Management Fees Are Not Aligned with Investors’ Interest
Frasers Hospitality Trust’s management fee structure is not as aligned with investors’ interest as compared to its peers. The structure works as such.
|Base Fee||0.3% of Gross Asset Value|
|Performance Fee||5.5% of Distributable Income|
In effect, it does not motivate the management to actually do acquisitions and divestments that benefit investors.
For example, imagine an acquisition that is DPU or Yield dilutive, investors are actually losing out on value. In contrast, the management gets paid a higher performance fee due to the fact that post-acquisition, the total distributable income will increase.
Personally as a dividend growth investor, I favor performance-based fee structures that incentivise managers to grow the DPU year on year, through DPU accretive acquisitions. For this reason, I favor REITs that have a similar fee structure to Mapletree North Asia Commercial Trust (MNACT), whereby the performance fee is calculated based on the growth in DPU year on year.
Most Impacted Among Peers
Additionally, in comparison with its peers, using the quarter ending in March, Frasers Hospitality Trust’s performance seems to be the worst. Having its GR fall by 41.5% coupled with their NPI falling by 52% year on year,
As an illustration, if we assume a conservative 40% decrease in their NPI and GR for the entire FY2020, and that Frasers Hospitality Trust will conserve around 80% of their Distributable Income, we are looking at a conservative DPU decrease of at least 50%.
Assuming Singapore moves into Phase 2 of its Circuit Breaker re-opening by Q3 of 2020 and that the other countries such as Australia and Japan start opening up their lockdowns by then as well, we can safely assume a conservative 10% increase in DPU year on year.
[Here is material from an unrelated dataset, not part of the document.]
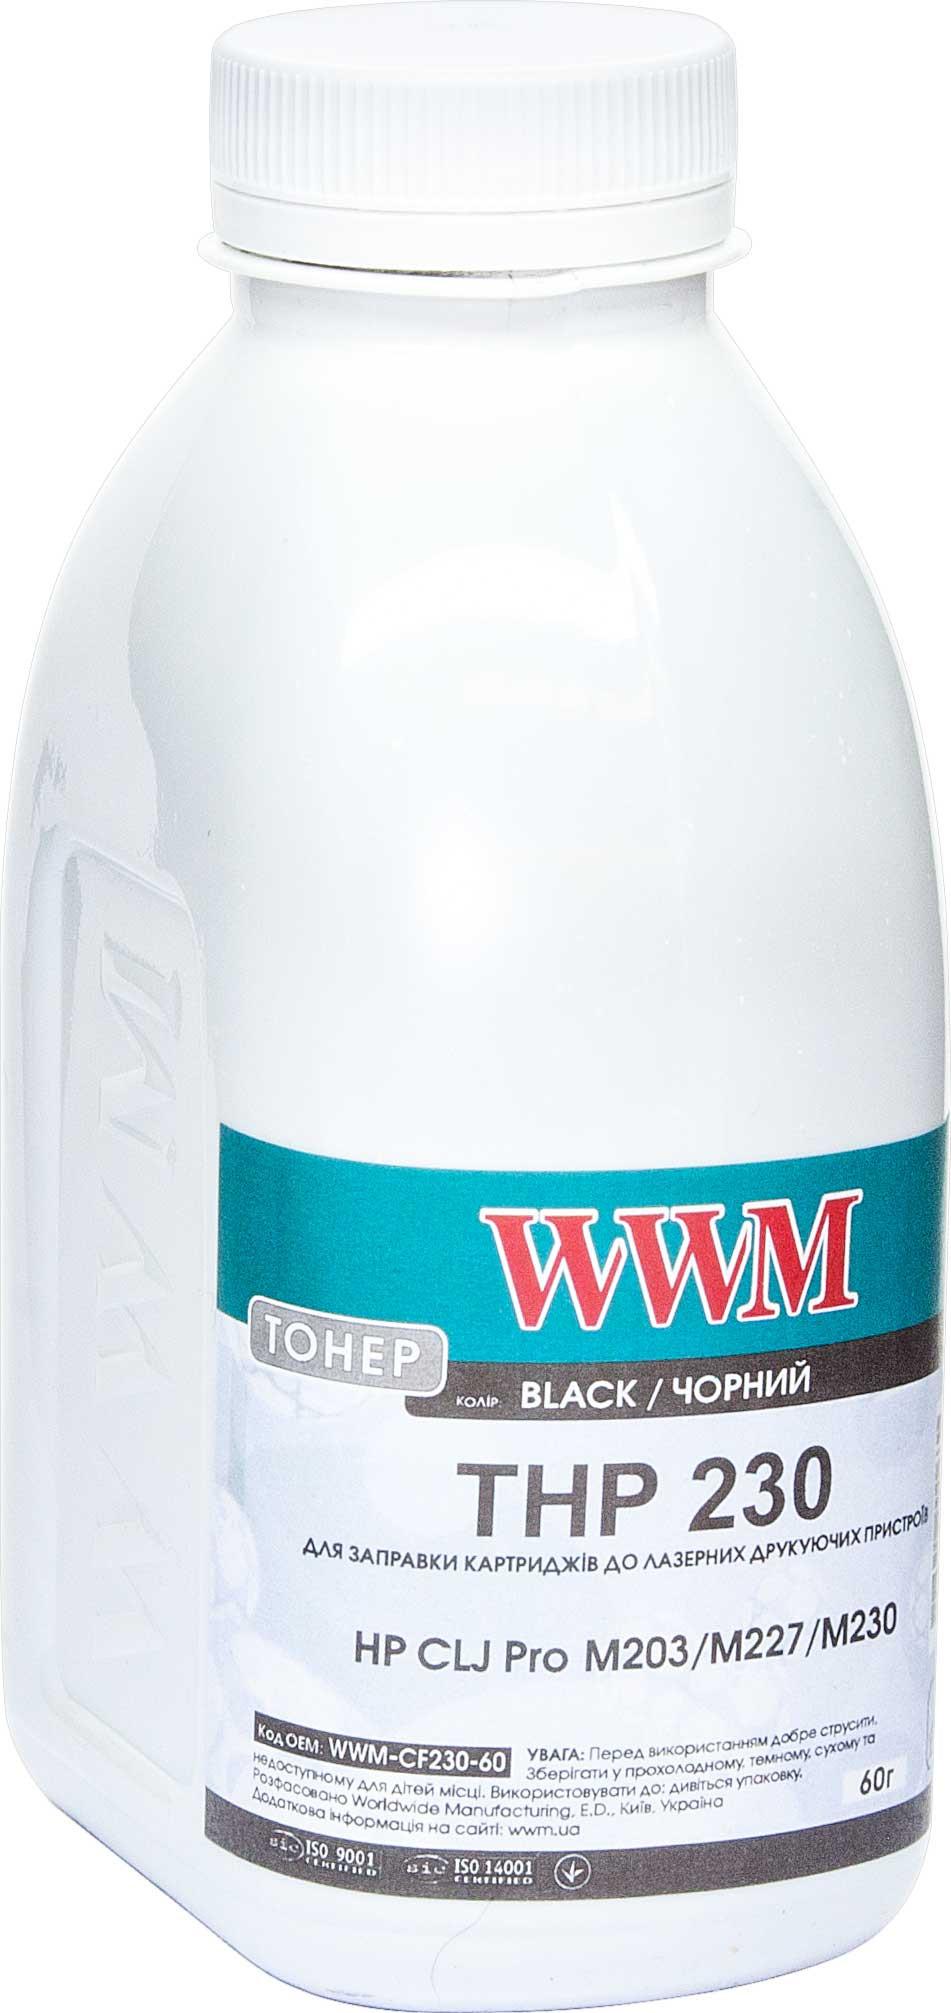 Купить Тонер WWM for HP LJ Pro M203/M227/M230 Black бутль 60g, WWM-CF230-60

|@ $0.47/share||FY19||Realistic FY20 Forecast||Realistic FY21 Forecast|
In conclusion, among the 4 local hospitality REITs, I would place Frasers Hospitality Trust at the bottom. Even though there is a huge upside potential coming from its pipeline ROFR assets, at its current valuation, the other 3 REITs are much more attractive and offer a better risk to reward ratio.
Also, I personally don’t like the fee structure that they have as it’s not aligned with investors’ interest. Henceforth, I would buy more of Ascott Residence Trust, CDL Hospitality Trust and Far East Hospitality Trust simply.